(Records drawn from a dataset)
******

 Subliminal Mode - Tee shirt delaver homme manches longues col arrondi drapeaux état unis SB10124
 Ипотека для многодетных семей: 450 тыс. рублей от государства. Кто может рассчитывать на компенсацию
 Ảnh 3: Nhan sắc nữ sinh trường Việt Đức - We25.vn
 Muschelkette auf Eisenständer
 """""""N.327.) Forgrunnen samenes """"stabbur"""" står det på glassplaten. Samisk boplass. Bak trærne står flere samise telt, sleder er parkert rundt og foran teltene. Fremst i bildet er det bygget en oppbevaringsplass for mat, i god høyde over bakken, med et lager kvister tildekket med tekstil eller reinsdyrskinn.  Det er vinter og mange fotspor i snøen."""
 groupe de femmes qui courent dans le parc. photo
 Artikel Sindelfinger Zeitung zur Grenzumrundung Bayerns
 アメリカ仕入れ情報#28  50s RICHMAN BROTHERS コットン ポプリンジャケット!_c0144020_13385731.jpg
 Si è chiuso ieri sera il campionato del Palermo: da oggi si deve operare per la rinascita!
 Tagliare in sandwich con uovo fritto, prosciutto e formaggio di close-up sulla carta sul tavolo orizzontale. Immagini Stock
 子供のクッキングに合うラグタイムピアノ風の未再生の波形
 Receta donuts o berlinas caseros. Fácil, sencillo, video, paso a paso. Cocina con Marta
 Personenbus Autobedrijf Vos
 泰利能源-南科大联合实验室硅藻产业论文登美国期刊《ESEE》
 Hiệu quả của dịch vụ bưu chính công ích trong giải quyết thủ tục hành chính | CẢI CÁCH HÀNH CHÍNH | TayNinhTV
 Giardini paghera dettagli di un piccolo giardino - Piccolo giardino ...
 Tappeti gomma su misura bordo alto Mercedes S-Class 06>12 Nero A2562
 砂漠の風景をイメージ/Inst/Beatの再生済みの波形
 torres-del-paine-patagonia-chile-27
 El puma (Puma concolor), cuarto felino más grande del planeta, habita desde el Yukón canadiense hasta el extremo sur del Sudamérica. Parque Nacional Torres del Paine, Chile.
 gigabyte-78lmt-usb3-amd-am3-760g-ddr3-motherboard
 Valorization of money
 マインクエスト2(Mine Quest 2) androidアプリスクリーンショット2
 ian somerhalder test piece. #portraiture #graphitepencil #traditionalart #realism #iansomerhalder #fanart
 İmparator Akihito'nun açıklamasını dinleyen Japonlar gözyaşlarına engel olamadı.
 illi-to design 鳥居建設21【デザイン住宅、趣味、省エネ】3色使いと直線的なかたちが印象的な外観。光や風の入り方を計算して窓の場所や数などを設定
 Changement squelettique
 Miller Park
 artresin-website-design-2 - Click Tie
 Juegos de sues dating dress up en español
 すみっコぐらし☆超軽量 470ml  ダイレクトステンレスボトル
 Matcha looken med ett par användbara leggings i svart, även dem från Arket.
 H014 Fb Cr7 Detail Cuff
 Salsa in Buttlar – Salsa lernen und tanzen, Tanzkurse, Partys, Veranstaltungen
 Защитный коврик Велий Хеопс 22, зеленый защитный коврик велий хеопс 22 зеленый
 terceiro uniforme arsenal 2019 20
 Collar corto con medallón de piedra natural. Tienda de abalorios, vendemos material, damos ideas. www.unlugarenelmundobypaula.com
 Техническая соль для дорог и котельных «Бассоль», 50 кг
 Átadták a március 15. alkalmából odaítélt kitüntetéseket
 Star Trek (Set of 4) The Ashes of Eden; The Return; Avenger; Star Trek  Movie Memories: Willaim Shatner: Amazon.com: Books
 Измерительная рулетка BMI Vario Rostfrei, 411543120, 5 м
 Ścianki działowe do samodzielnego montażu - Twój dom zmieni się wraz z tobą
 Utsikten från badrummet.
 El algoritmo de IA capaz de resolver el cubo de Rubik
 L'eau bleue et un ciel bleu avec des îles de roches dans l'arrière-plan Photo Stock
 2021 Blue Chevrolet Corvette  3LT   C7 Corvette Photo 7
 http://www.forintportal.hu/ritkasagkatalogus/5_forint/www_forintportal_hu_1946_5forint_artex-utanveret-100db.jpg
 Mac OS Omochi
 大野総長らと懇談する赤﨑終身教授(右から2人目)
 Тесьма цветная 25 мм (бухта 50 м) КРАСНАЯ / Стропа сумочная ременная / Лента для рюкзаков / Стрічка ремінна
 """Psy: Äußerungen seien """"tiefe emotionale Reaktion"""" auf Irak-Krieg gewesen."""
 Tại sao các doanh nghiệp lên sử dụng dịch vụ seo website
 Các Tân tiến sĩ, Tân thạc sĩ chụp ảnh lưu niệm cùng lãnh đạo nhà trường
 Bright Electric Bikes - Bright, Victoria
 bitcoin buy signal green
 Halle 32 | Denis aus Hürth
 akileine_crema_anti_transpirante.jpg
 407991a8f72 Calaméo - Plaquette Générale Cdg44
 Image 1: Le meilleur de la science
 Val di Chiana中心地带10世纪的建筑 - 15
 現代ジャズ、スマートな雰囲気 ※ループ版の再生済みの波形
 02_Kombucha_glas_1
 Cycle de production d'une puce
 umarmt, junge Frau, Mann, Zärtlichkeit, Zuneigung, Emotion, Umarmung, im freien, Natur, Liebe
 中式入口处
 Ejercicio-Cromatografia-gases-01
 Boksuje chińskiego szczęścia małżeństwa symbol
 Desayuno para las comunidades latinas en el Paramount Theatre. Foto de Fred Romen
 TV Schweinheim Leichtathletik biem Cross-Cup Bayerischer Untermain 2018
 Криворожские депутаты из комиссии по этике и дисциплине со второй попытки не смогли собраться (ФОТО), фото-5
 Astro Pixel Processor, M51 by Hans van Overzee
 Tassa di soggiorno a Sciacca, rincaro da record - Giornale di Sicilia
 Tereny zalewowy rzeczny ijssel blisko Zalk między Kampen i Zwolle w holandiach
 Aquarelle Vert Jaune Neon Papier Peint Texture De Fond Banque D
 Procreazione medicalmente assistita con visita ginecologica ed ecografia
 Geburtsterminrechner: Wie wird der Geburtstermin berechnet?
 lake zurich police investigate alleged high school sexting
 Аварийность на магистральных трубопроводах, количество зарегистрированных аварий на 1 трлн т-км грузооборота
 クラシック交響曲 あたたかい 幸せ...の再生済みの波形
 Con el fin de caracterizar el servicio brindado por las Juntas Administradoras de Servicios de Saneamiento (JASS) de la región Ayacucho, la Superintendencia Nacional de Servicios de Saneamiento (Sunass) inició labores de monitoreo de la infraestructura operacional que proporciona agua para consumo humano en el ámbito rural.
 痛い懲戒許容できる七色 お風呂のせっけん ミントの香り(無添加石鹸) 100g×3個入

******

Check each line of the data above, and please copy the ones in which the string "website" occurs.

 artresin-website-design-2 - Click Tie
 Tại sao các doanh nghiệp lên sử dụng dịch vụ seo website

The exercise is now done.